The draft white paper details a framework upon which a comprehensive and long-term automotive industry transformation strategy should be premised, with focus on the creation of a high-yielding business environment. This includes a fiscal and regulatory framework that makes SA a leading and highly-competitive location for the automotive sector globally.
It also seeks to promote NEV production and support, and investment in the expansion and development of new and existing manufacturing plants, among other objectives.
“Cabinet has approved the white paper on NEVs that aims to ensure SA becomes part of the global shift from internal combustion engines to new technology vehicles,” according to the latest Cabinet statement.
“The policy supports investments in the development and expansion of new and existing manufacturing plants to support the production of electric vehicles in the country.”
SA’s automobile industry plays a critical role in economic growth and supports thousands of jobs, and the country is also endowed with mineral resources that position it to become a key and strategic player in EV value chains, it says.
The country’s automotive industry has for years made several calls to urge government to hasten the introduction of the policy.

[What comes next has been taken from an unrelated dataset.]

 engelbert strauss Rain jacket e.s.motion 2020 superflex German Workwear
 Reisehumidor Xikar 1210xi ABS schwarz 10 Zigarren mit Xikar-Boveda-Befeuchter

It warned that the lack of a regulatory framework could result in SA facing the threat of losing significant investment from local multinational players, such as BMW, Toyota and Mercedes-Benz SA – which have announced local plans for EV production and sales.
In 2021, the Department of Trade, Industry and Competition (DTIC) announced the Auto Green Paper, which focuses on the advancement of NEVs and battery-electric vehicles in SA.
In May 2021, the draft green paper was gazetted for public comment and the policy proposals were submitted to Cabinet for consideration by October 2021.
The green paper was followed by the more refined discussion document – the white paper.
As part of the next process, the DTIC or a task team designated by the DTIC minister may invite comments on the white paper from interested parties.
Further amendments may be proposed by the relevant parliamentary committee before the white paper is sent back to the DTIC for additional considerations and final decisions.
The National Association of Automotive Manufacturers of SA has set a target for NEVs to account for 20% of SA’s new-vehicle market by 2025 and reach 40% by 2030.
To date, more than 20 countries have announced plans to phase-out combustion vehicle sales over the next 10 to 30 years. This includes Germany, France, Netherlands, Sweden and Italy, which have national policies and targets to encourage the NEV shift, according to a report by the International Energy Agency.
Zambia, Kenya, Mauritius and Rwanda have either introduced tax incentives, or reduced various tax duties for NEV ownership.